Many Leith men were in the regular Army, Royal Navy or Merchant Service as a career. When the war began Leith men, as with others throughout Britain, responded to the call for volunteers to fight for King and Country. By the end of the conflict some 14,200 men had joined the various services. By far the largest proportion joined up with the local regiment The Royal Scots were based in the Drill Hall in the town. It was here many were trained prior to going to “the front”. However this was not the only service to recruit Leithers during the war. Leith men were to be found in over eighty active service units during the war. Women too were attached to nursing services.

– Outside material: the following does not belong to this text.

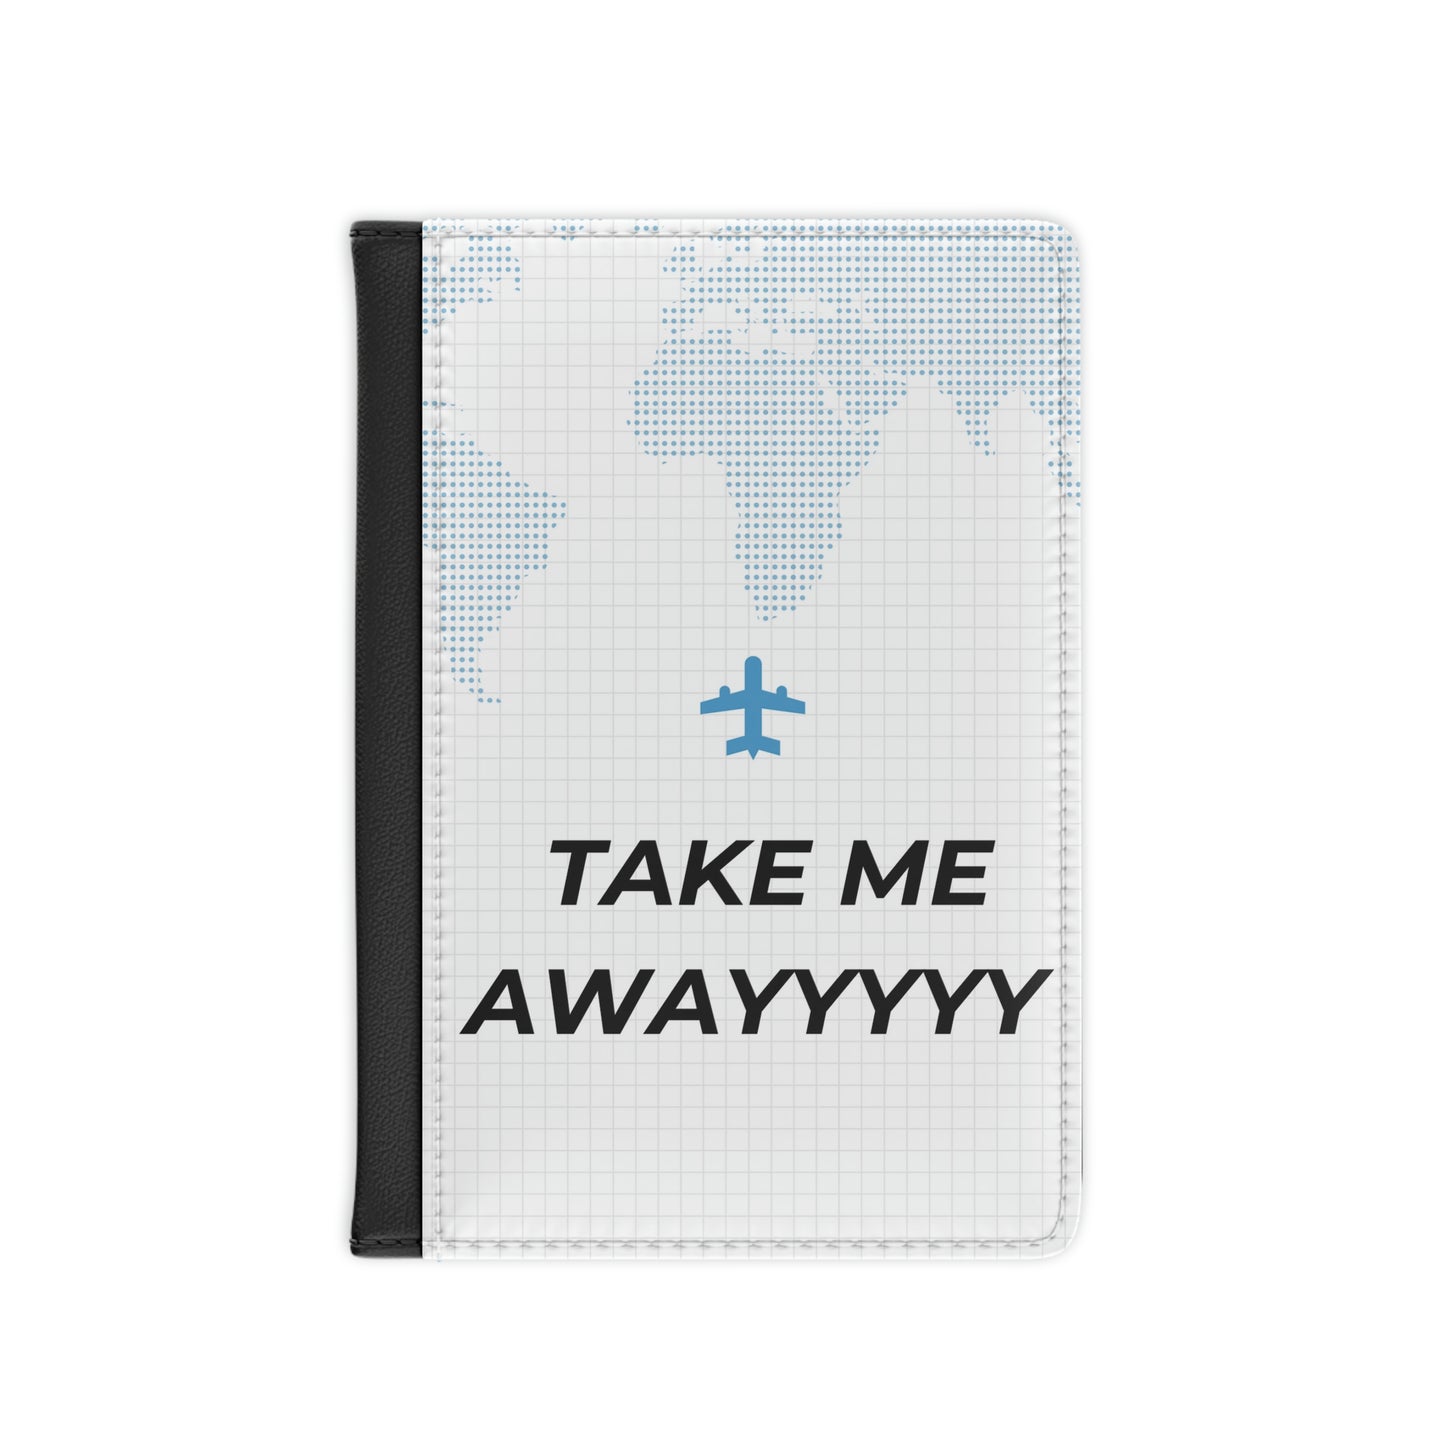 Take me away travel Passport Cover

By the end of the war 2,500 Leithers or those with associations to the town (for example those who had emigrated from the town to the colonies) had made the ultimate sacrifice. In all the areas which the war was fought their graves or commemorations on war memorials are to be found. Approximately 50% have no known grave. In the Leith Roll of Honour, which was compiled in 1919, the names of 2,204 men and two women are noted in the five volumes.
Numerous others returned home with injuries and mental problems though these are not recorded. The ages of those who died vary from 15 years of age up to 69 but the largest proportion was in the 19 to 24 age group accounting for nearly 40% of the total. There was no month during the conflict in which Leithers were not killed. The local newspaper the Leith Observer, a weekly publication, records obituaries of those who fell and those posted as injured, missing or prisoners of war.